[AVAILABLE DATA]
○ ○ ○ ○ ○ ○ ○

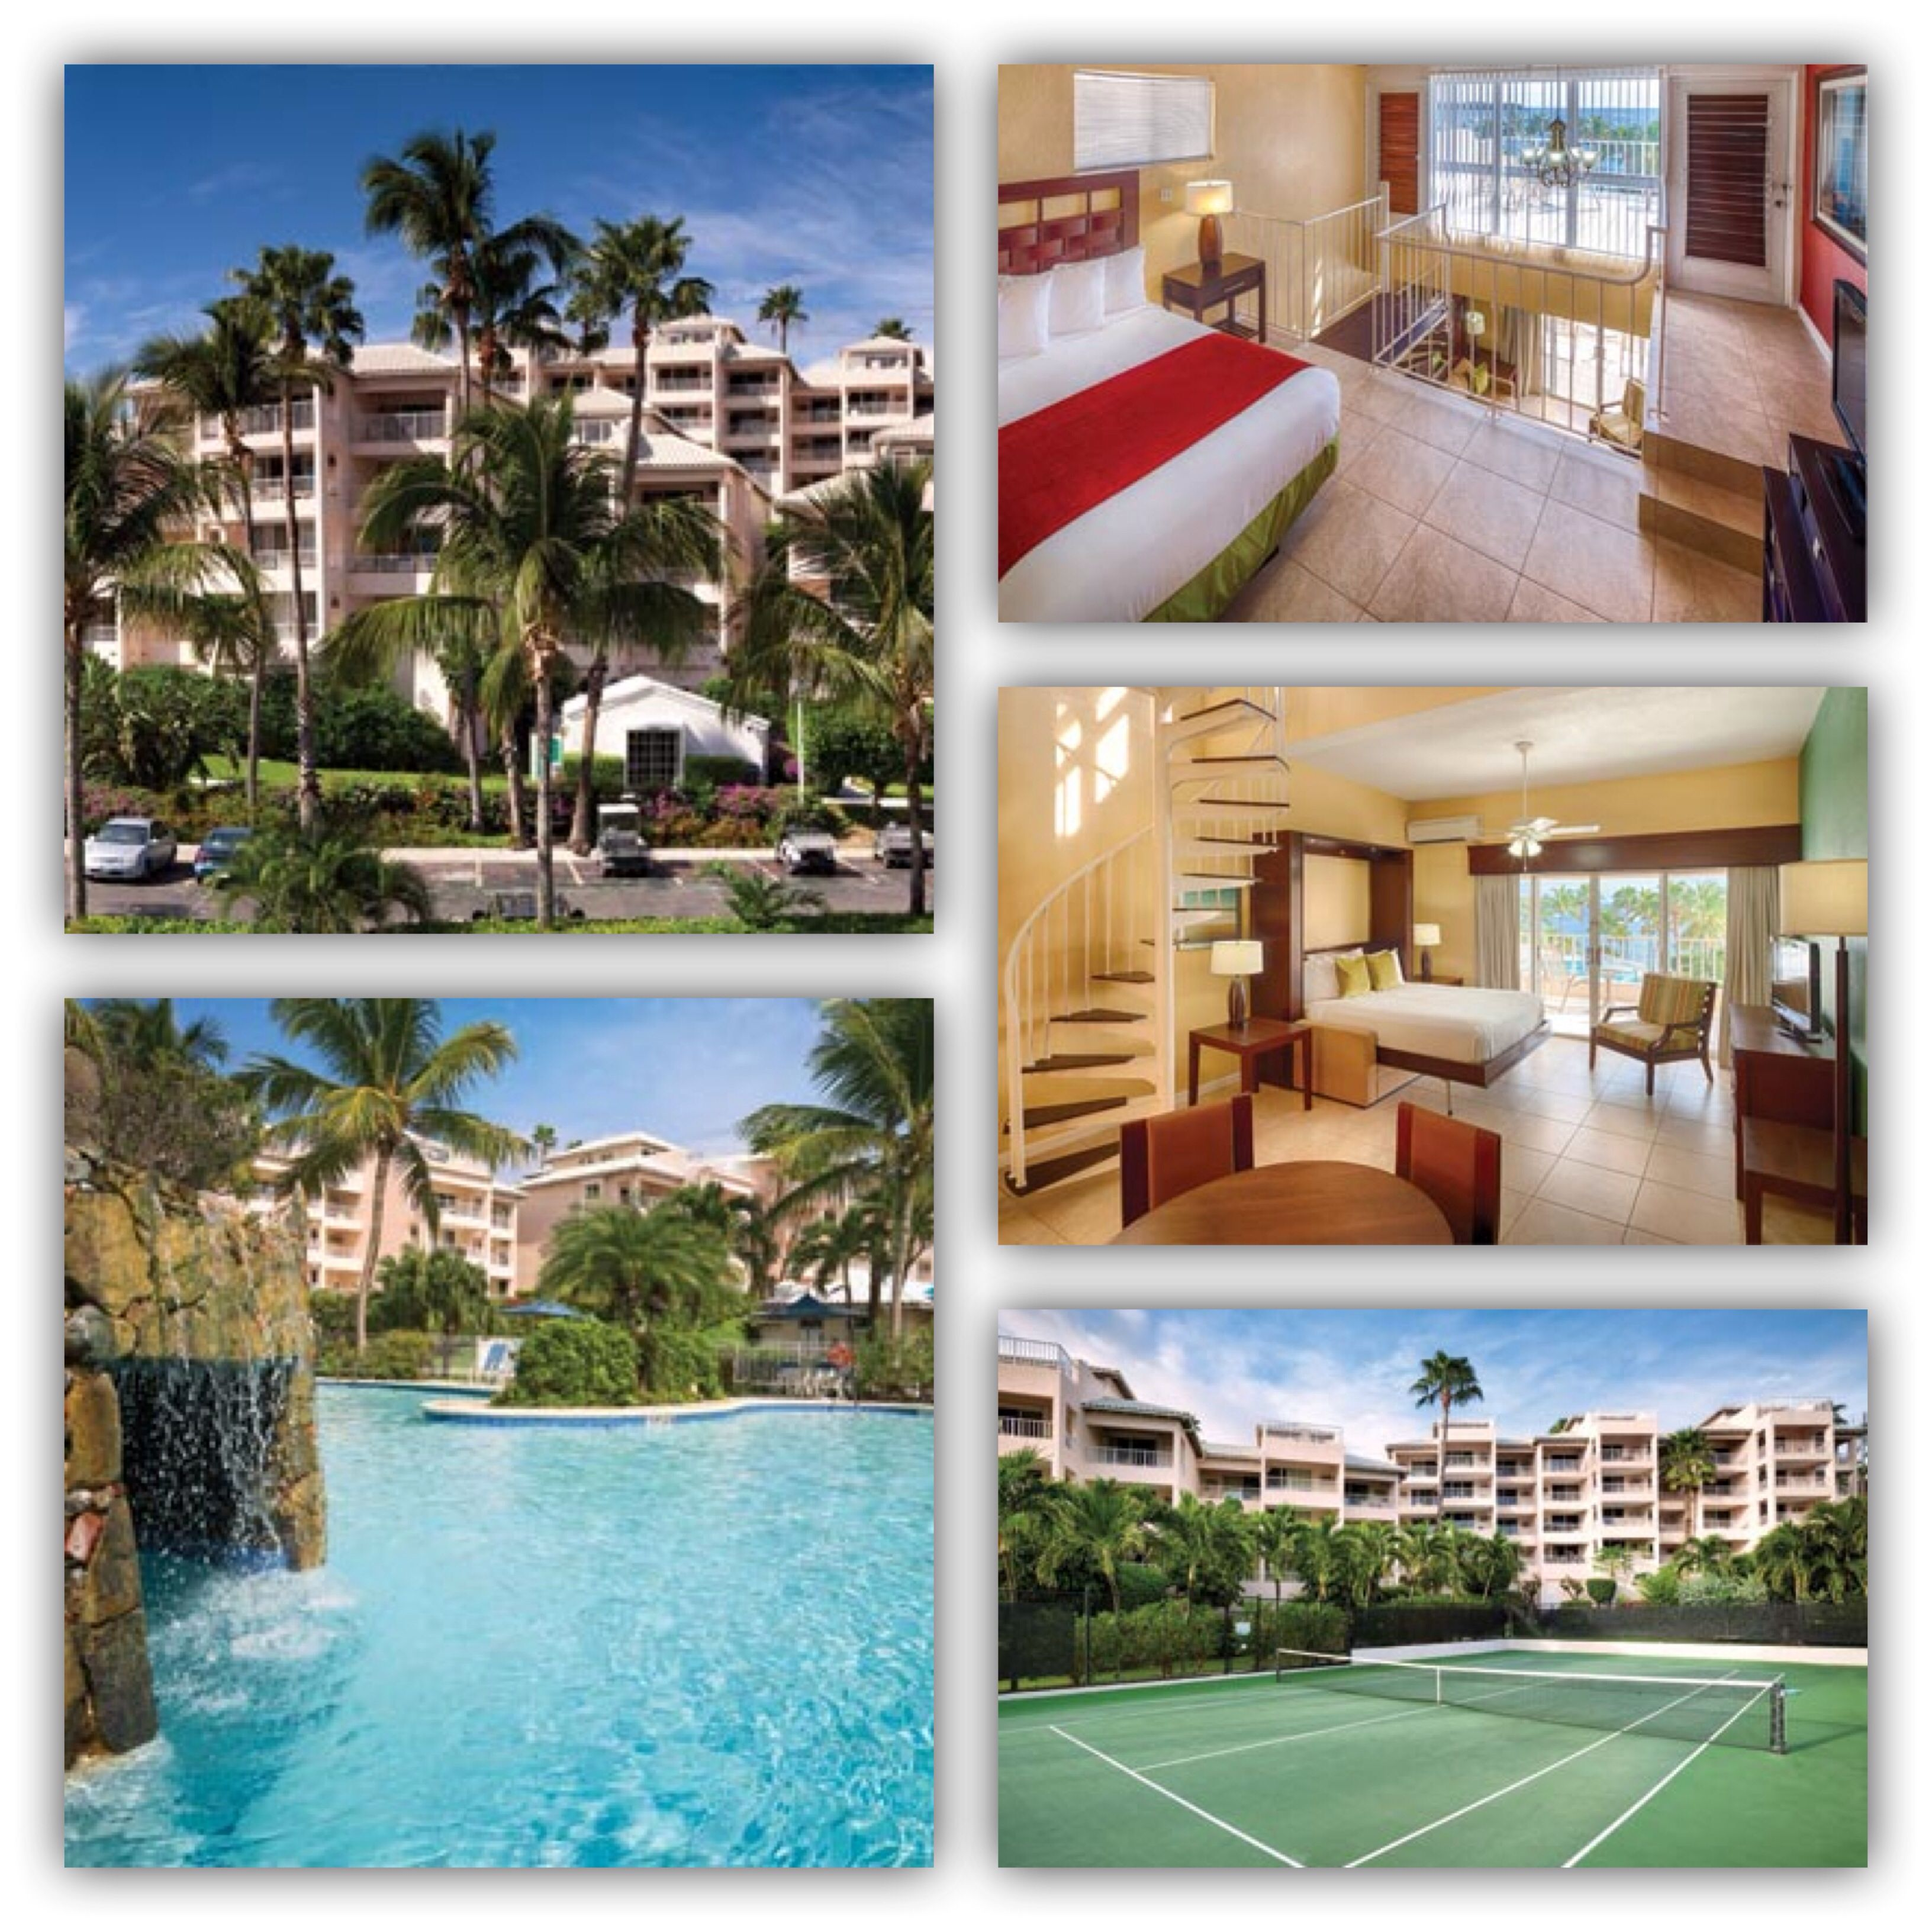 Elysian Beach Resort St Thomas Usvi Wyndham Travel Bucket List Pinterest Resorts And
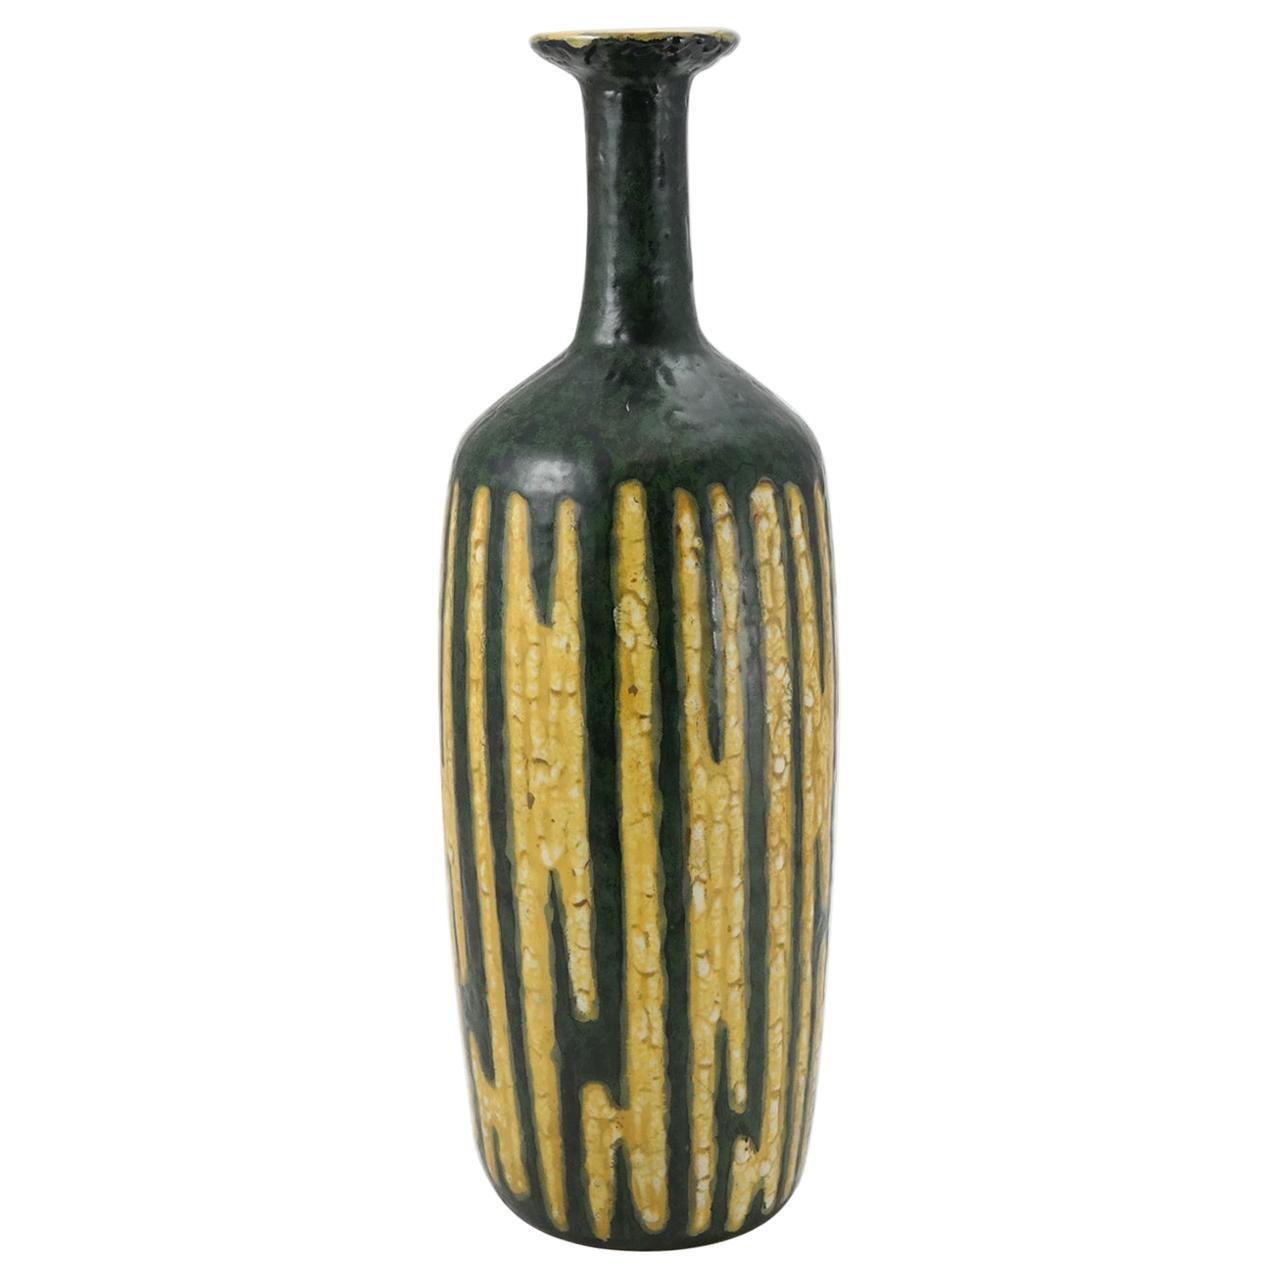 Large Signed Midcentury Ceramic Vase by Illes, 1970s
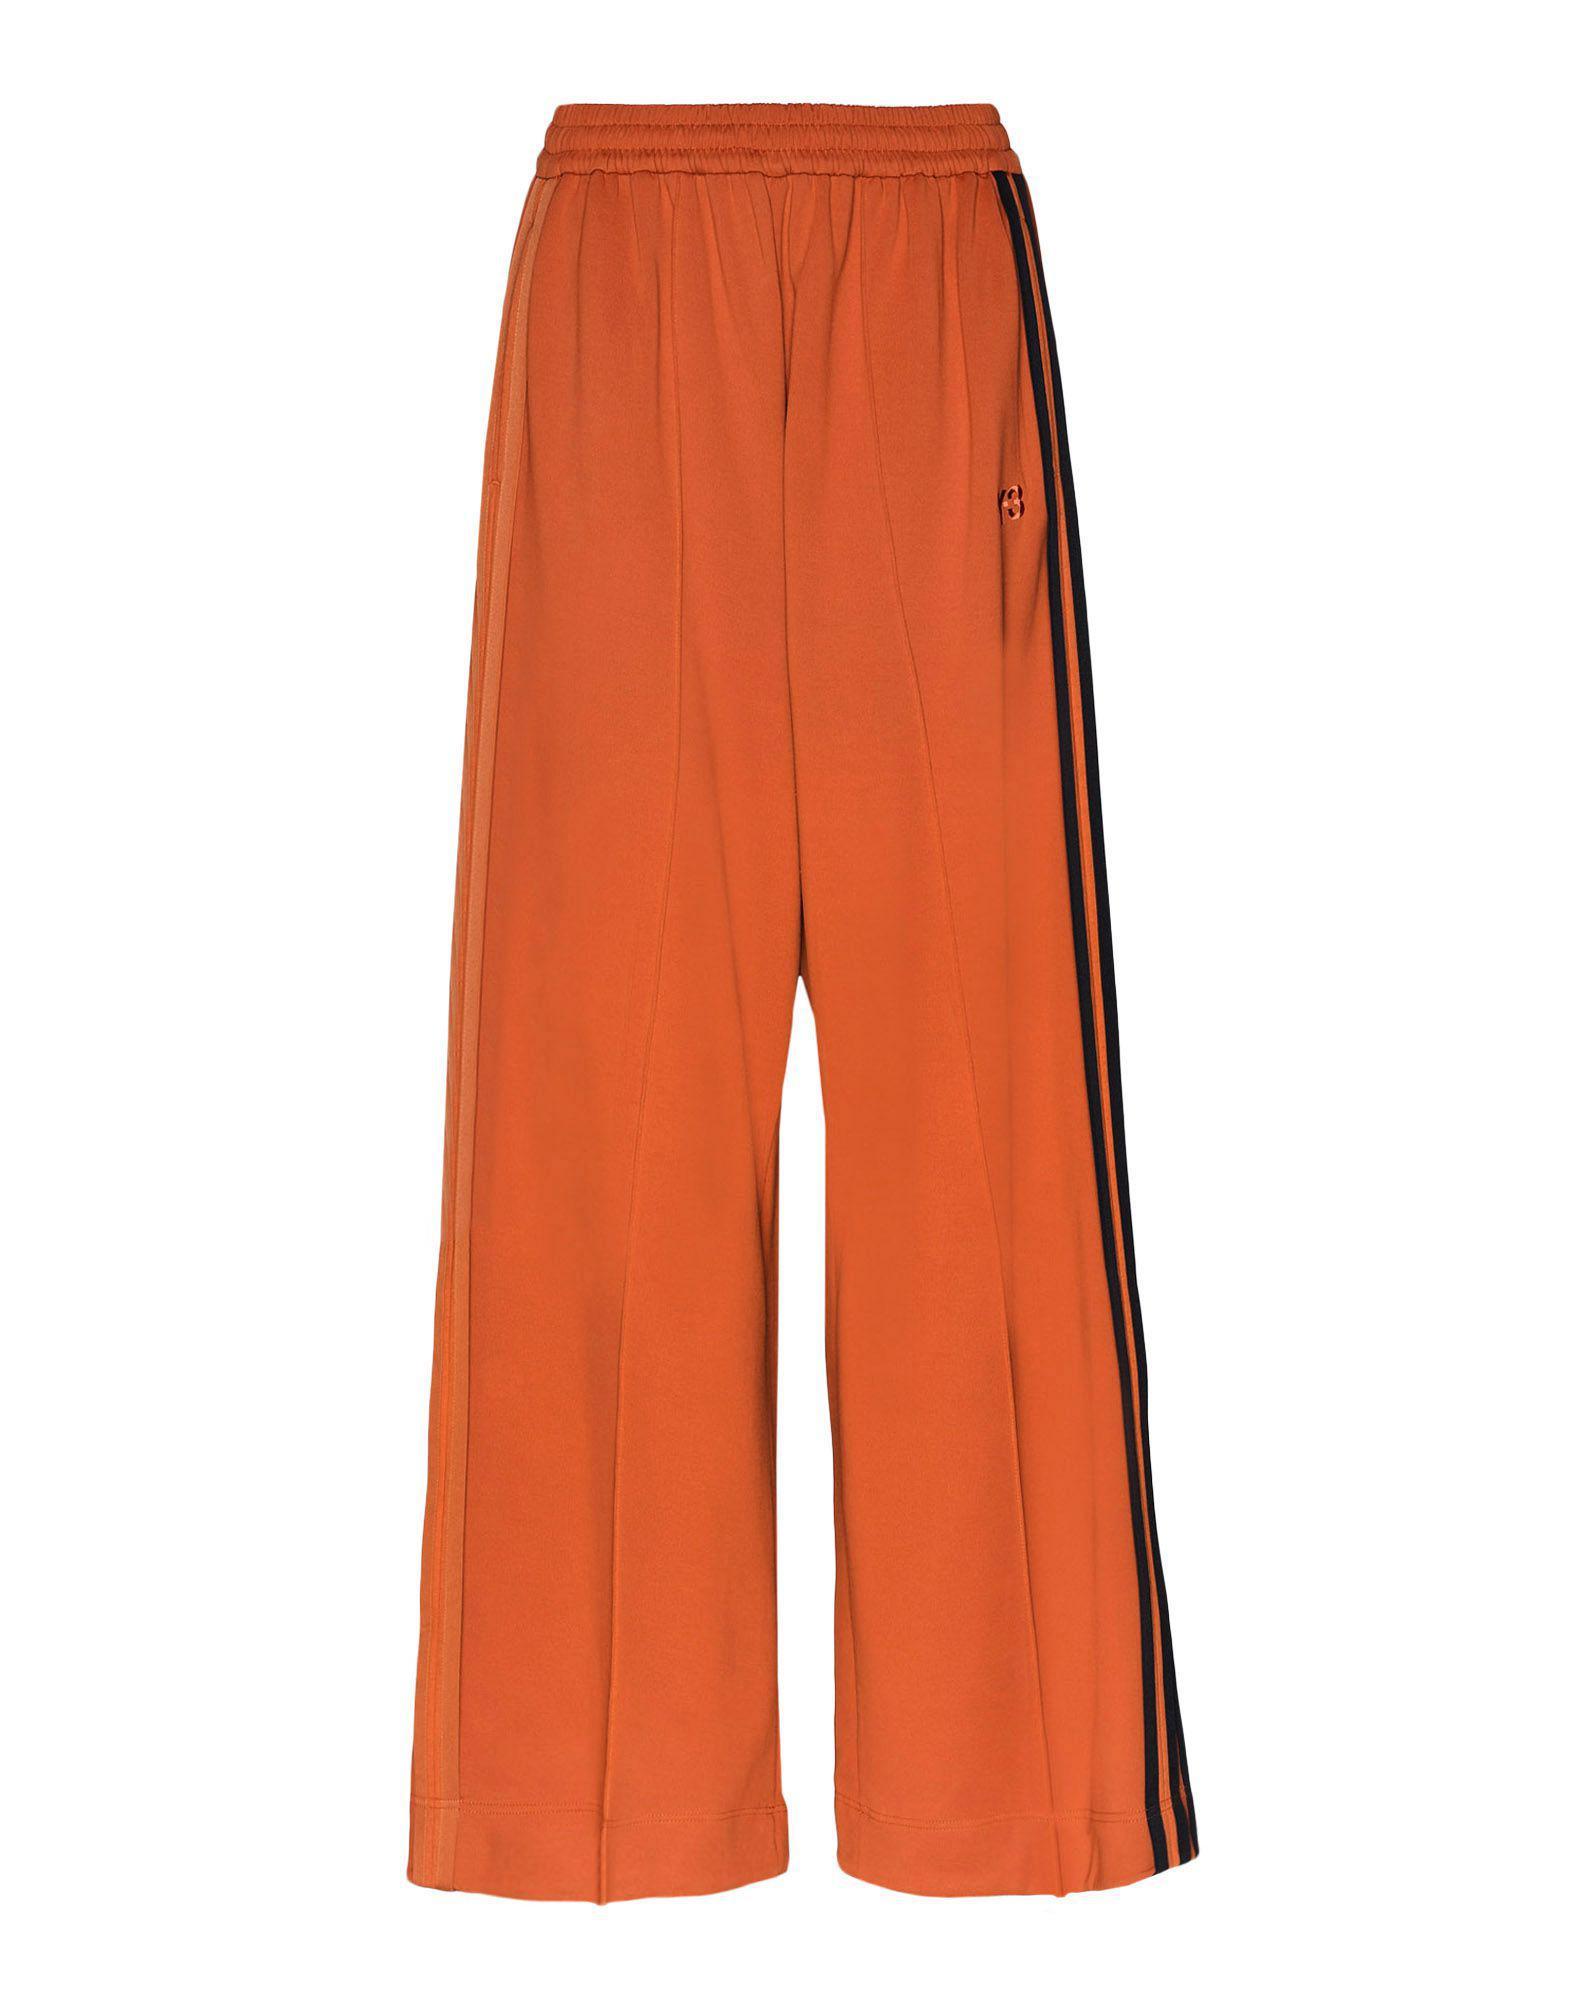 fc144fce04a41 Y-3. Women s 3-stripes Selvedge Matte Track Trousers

○ ○ ○ ○ ○ ○ ○

[DIRECTIONS] Could you give all of the data again exactly as written, omitting any pictures?

[ANSWER TO THE PROBLEM]
 Elysian Beach Resort St Thomas Usvi Wyndham Travel Bucket List Pinterest Resorts And
 Large Signed Midcentury Ceramic Vase by Illes, 1970s
 fc144fce04a41 Y-3. Women s 3-stripes Selvedge Matte Track Trousers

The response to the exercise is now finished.